_What you are asked to do_
Keeping every word the same, give again only the lines from the one with "Uludağ Üniversitesi Halk" through the end of the data, both included, and leave every picture out.

_Source data_
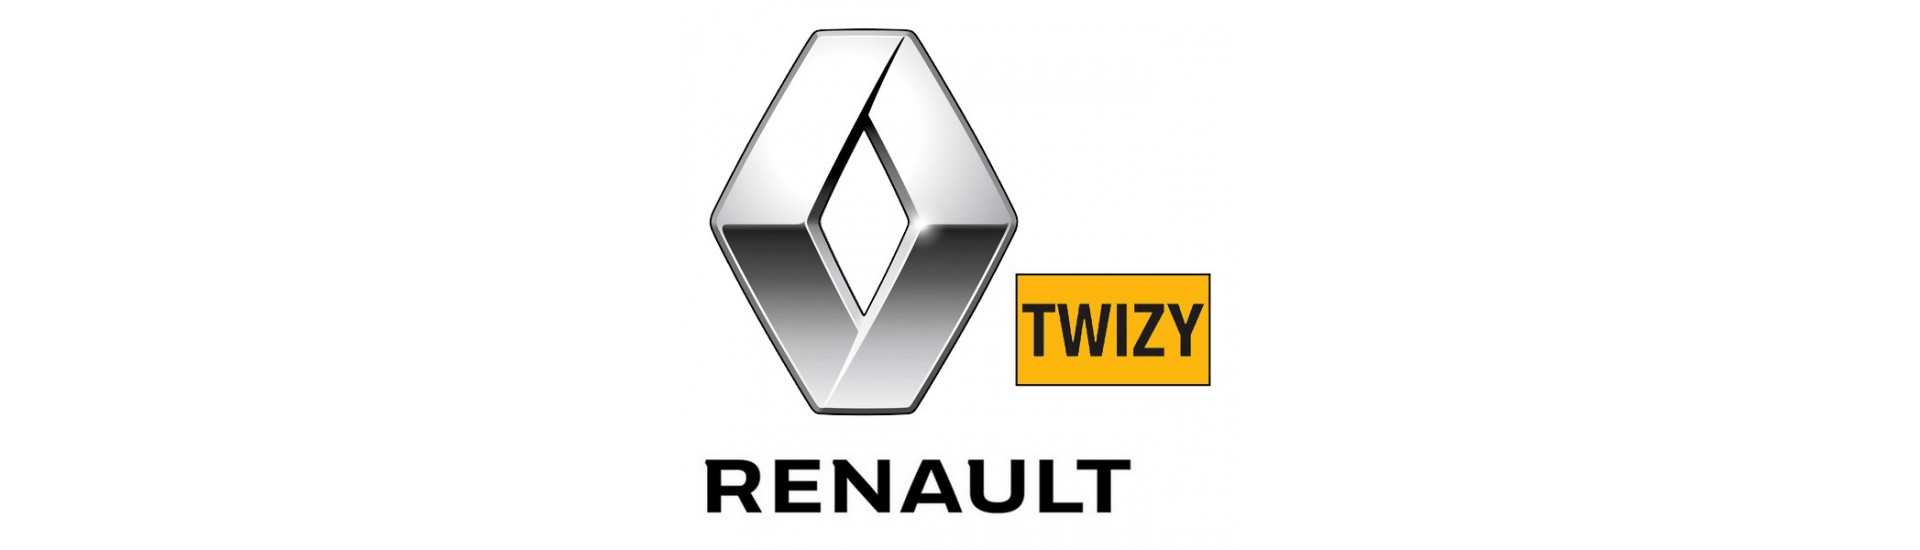 Rollo de suspensión al mejor precio para coche sin permiso Renault
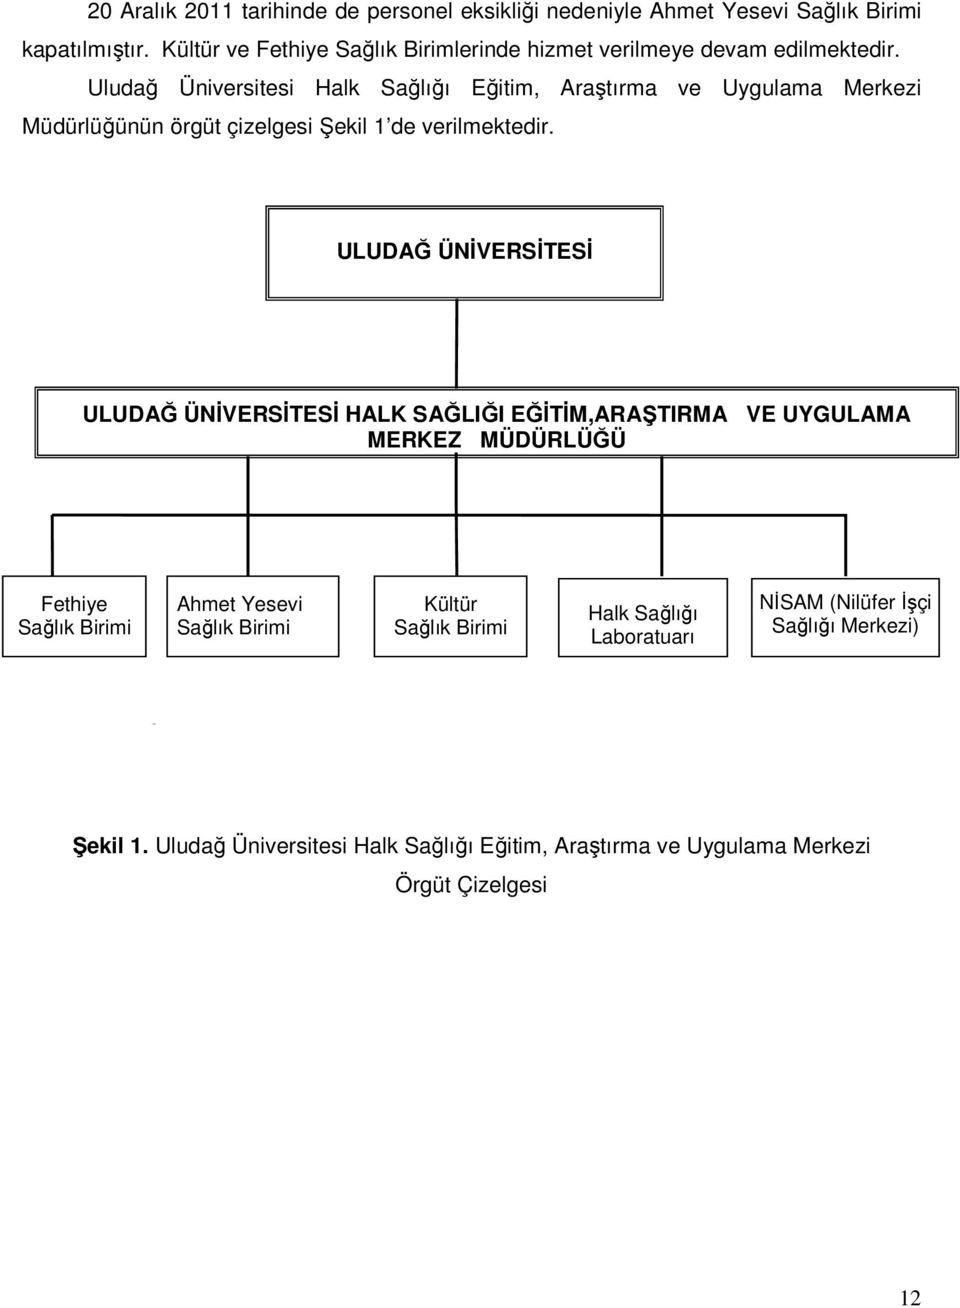 Uludağ Üniversitesi Halk Sağlığı Eğitim, Araştırma ve Uygulama Merkezi Müdürlüğünün örgüt çizelgesi Şekil 1 de verilmektedir.
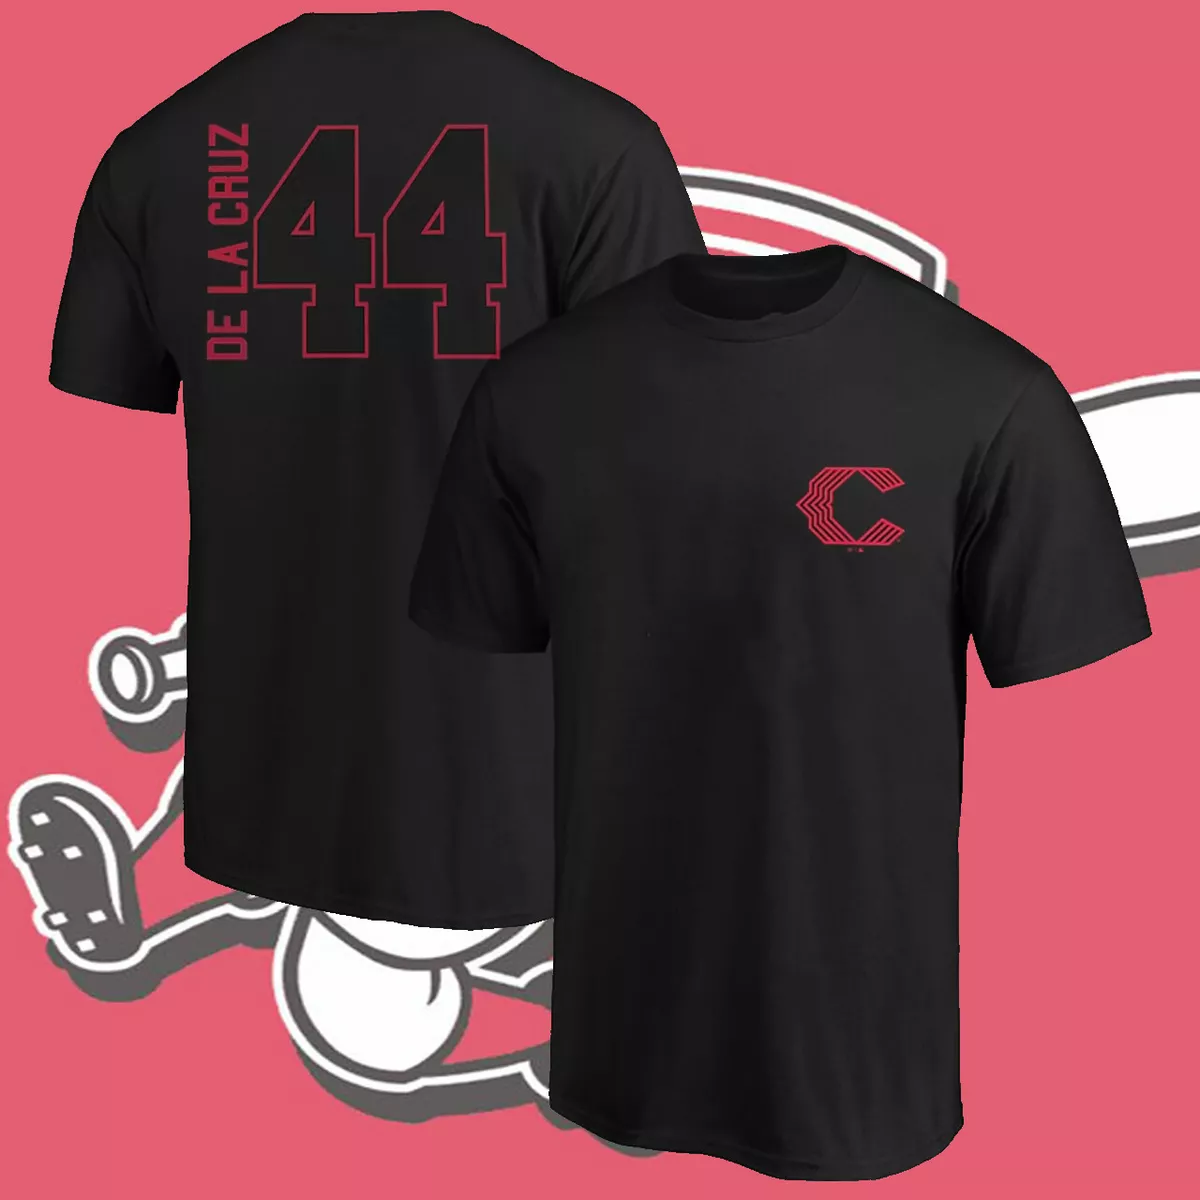 SALE!! Men's Cincinnati Team Elly De La Cruz '47 Name & Number T-Shirt S-5XL

_Answer area_
 Uludağ Üniversitesi Halk Sağlığı Eğitim, Araştırma ve Uygulama Merkezi Müdürlüğünün örgüt çizelgesi Şekil 1 de verilmektedir.
 SALE!! Men's Cincinnati Team Elly De La Cruz '47 Name & Number T-Shirt S-5XL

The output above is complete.